### WHAT YOU HAVE TO DO
Return verbatim the lines that run from the one holding "紗江子 (50歳)客間で休んでいただけなのに・・・ 画像6" to the end of the listing, both ends included, without the pictures.

### THE DATA
- Opening Delimiter -

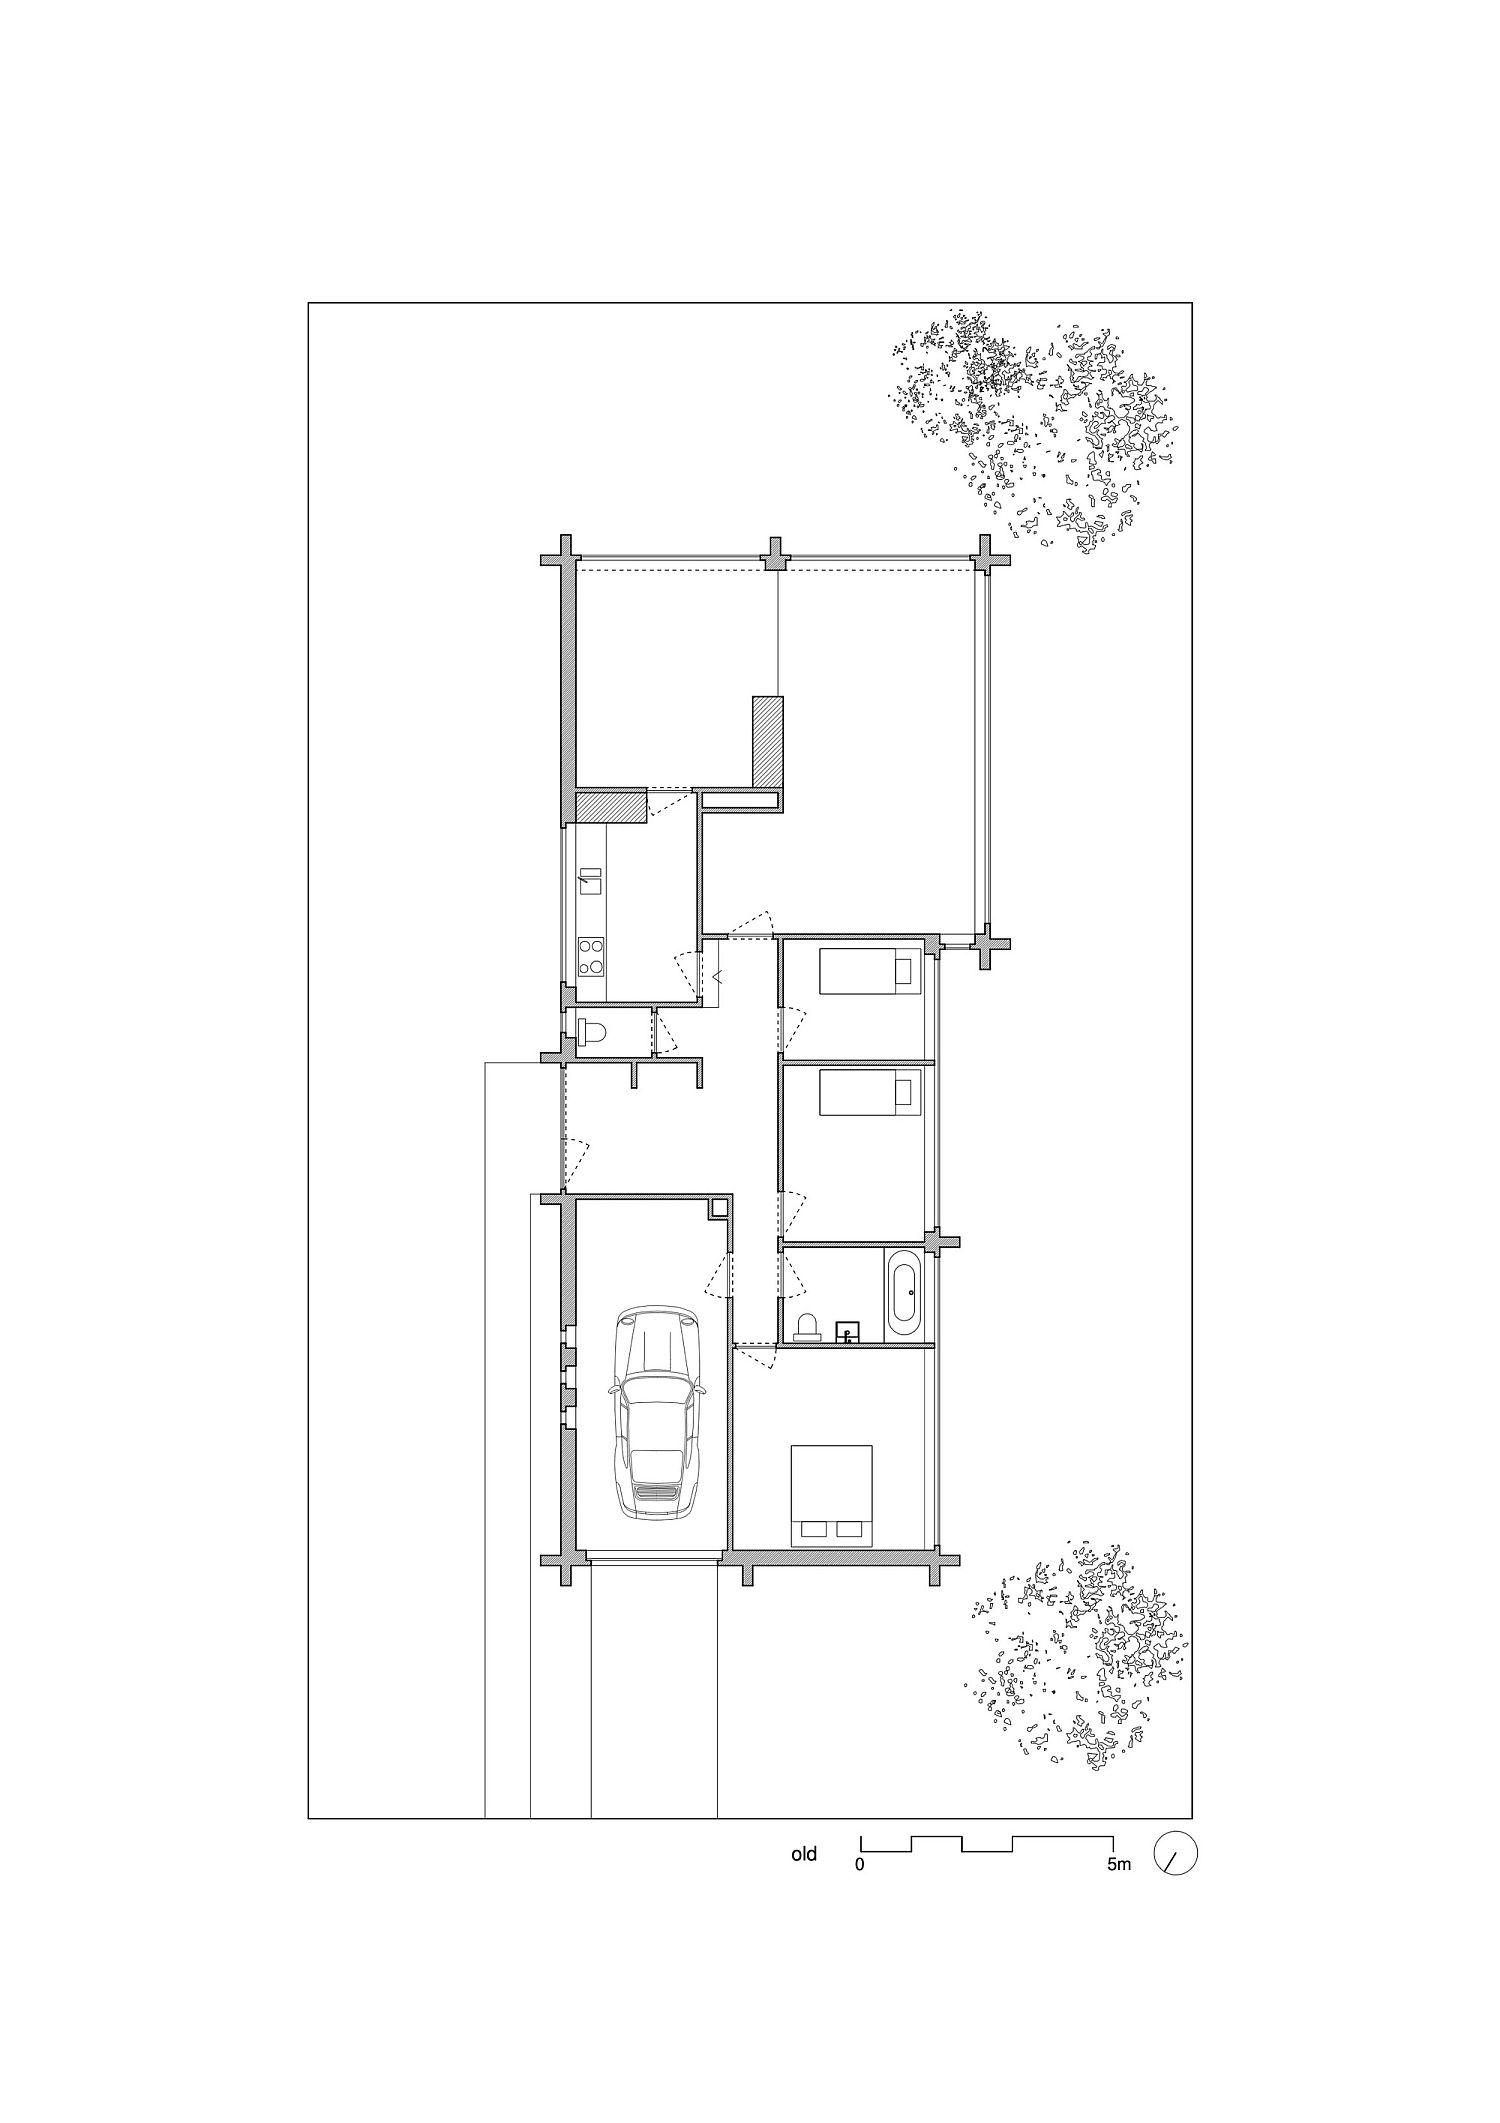 Floor plan of renovated Abdel & Marijke House in Belgium
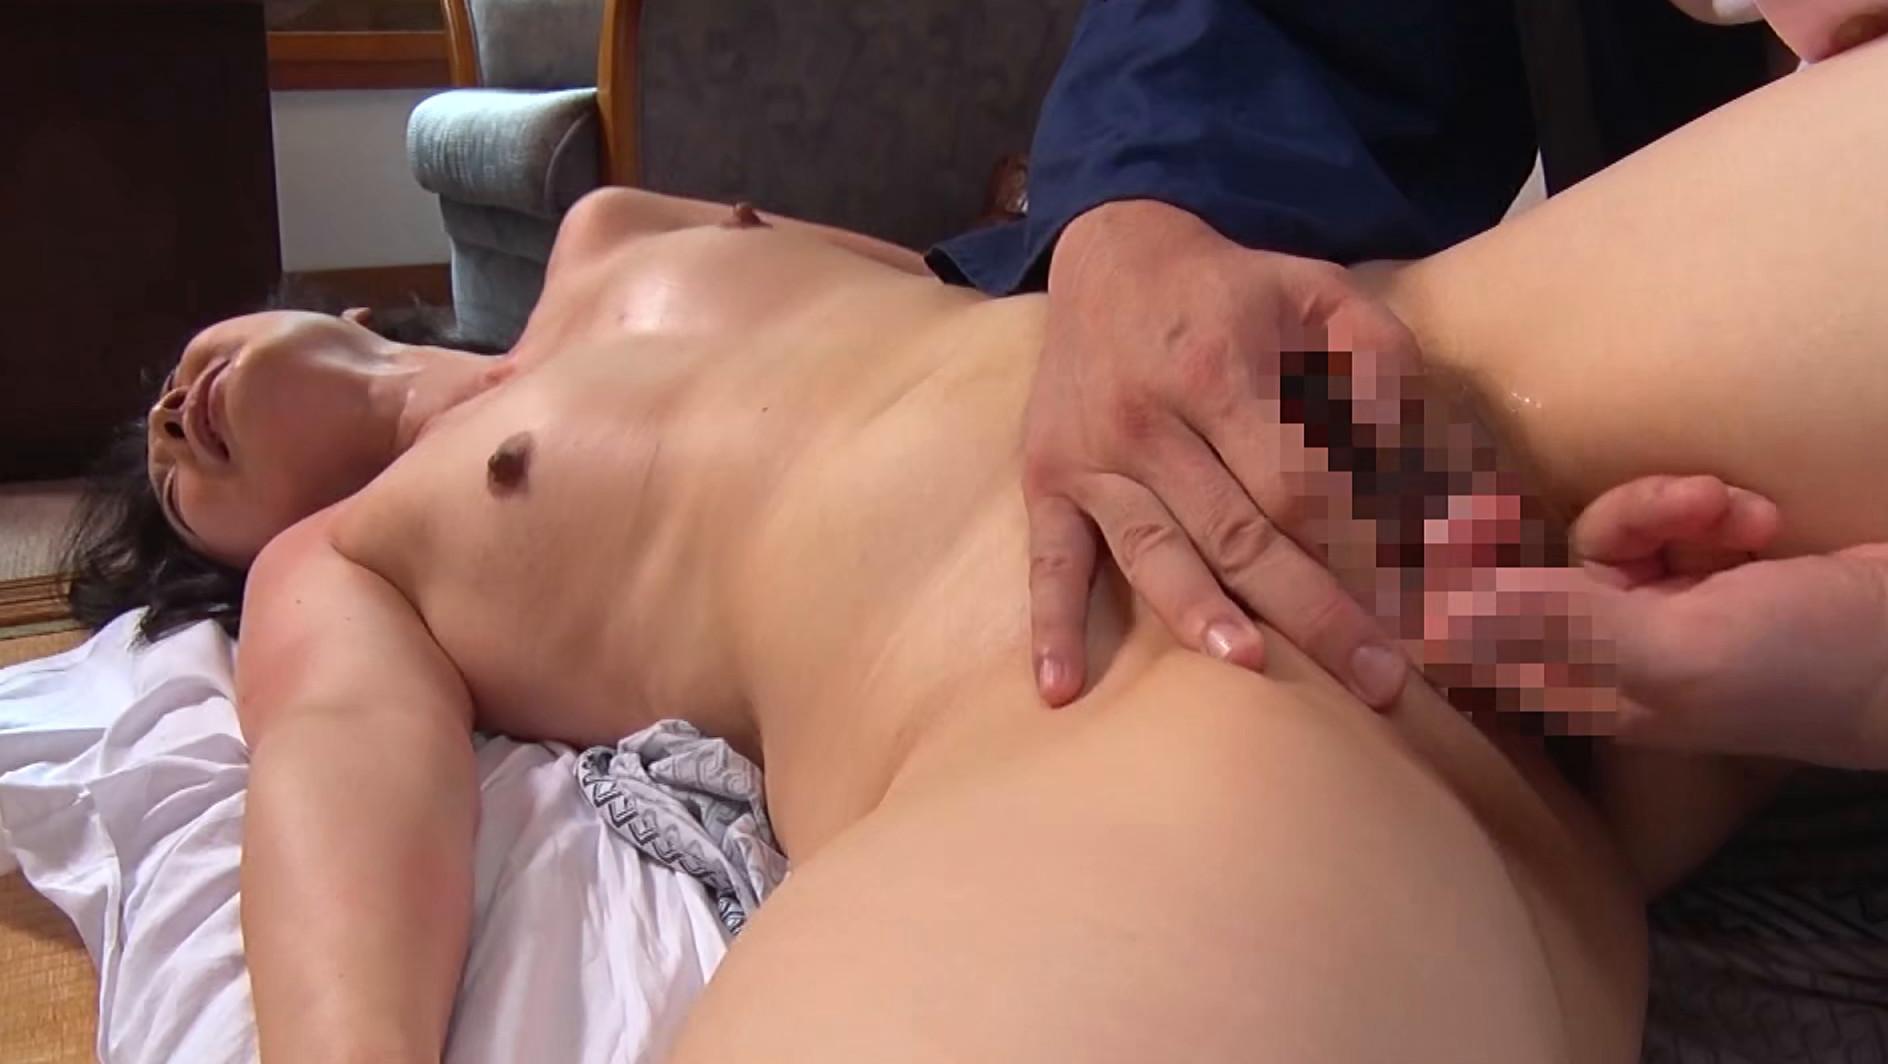 紗江子 (50歳)客間で休んでいただけなのに・・・ 画像6
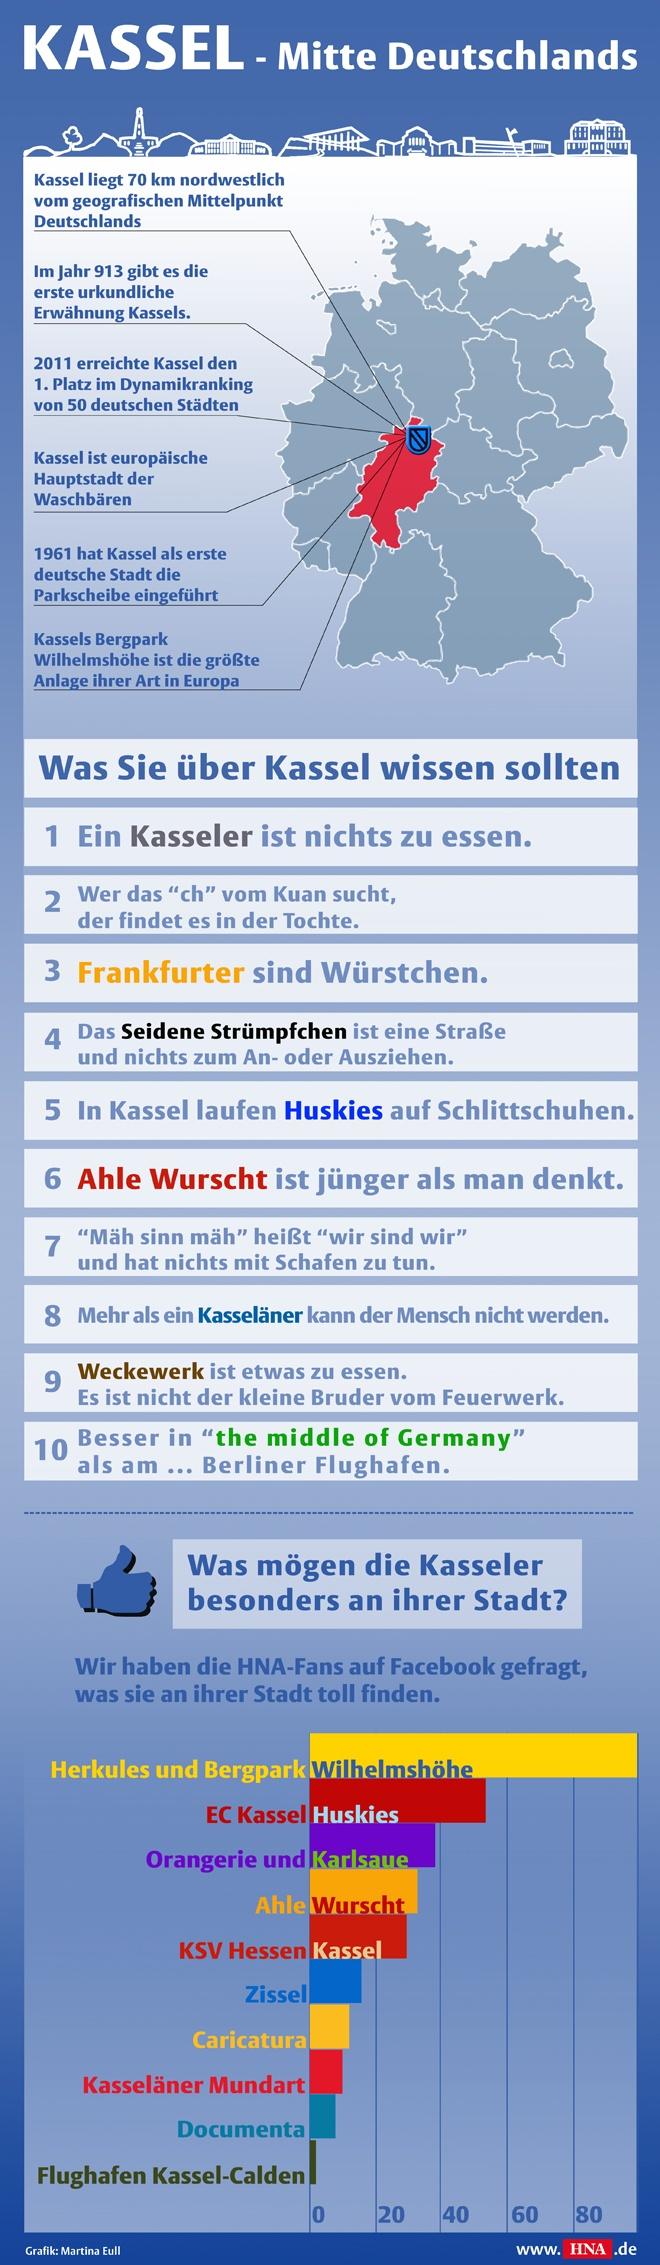 Kassel - Mitte Deutschlands (Infografik)

- Closing Delimiter -

### ANSWER BOX
 紗江子 (50歳)客間で休んでいただけなのに・・・ 画像6
 Kassel - Mitte Deutschlands (Infografik)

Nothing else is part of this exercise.